Nicola Sturgeon may have struggled to recall the costs of setting up an independent Scotland when grilled by Channel 4 last week.
But she was certainly not lost for words when talking about accountability on Transport Scotland’s £745m Aberdeen bypass a few days earlier.
“It’s important to stress that responsibility for health and safety on site rests with the contractor,” Ms Sturgeon told First Minister’s Questions.
The first minister was responding to the findings of a CN investigation into safety, which contained serious allegations by former staff about safety standards on the much-maligned road project.
She wasn’t the first of those involved to dump health and safety responsibilities on the contractor.
That was also the response from Transport Scotland, which told CN it had been working to “enhance health and safety standards” despite these not being its “responsibility”.
The most powerful responses to those lines from Transport Scotland and Ms Sturgeon have come from you, our readership.
Your emails and website comments made the point emphatically that safe projects start with active and engaged clients that want to play key roles in making projects as safe as possible, rather than those happy to spout rhetoric about standards but then lay the blame at the contractor’s door as soon as concerns are raised.

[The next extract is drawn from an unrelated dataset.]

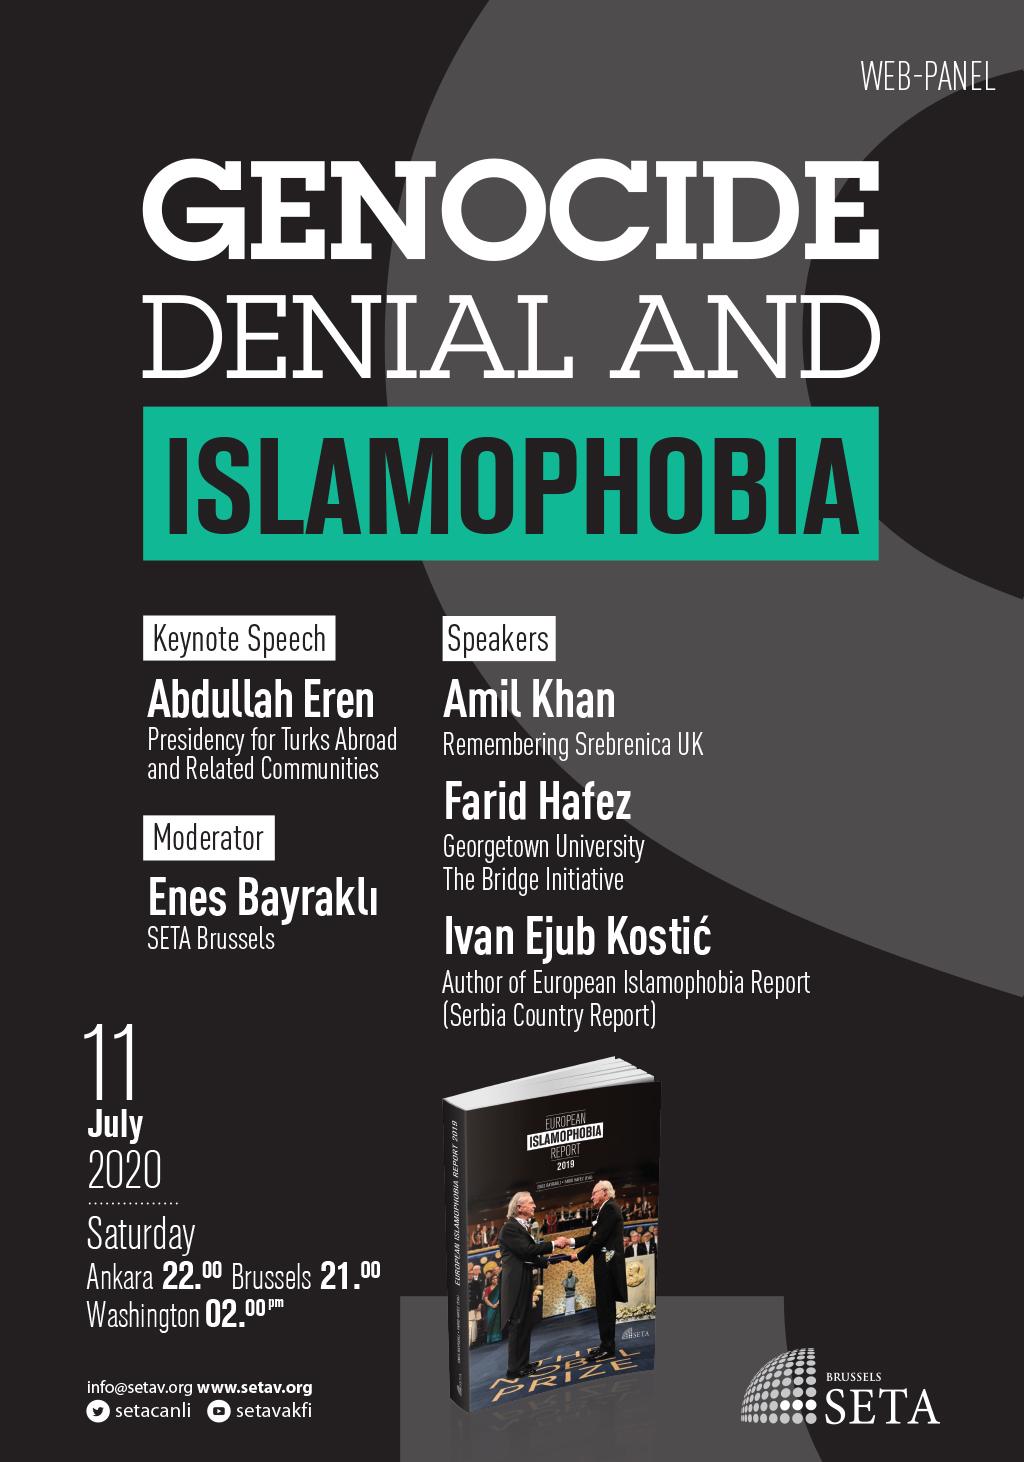 Web Panel: Genocide Denial and Islamophobia

If an accident happens on a project, it is as much of a black mark against the client as it is the contractor.
That’s not to take responsibility away from the contractor, merely pointing out that if clients wash their hands of health and safety, what message does that send their contractors?
Transport Scotland and Ms Sturgeon’s attempt to pass responsibility entirely onto the contractor is even more surprising when you consider that just two years ago a worker died on another flagship project: the Queensferry Crossing.
I’m not suggesting that poor health and safety led to that tragedy. But you would hope it would push the client to take a renewed interest in how all of its projects are being run.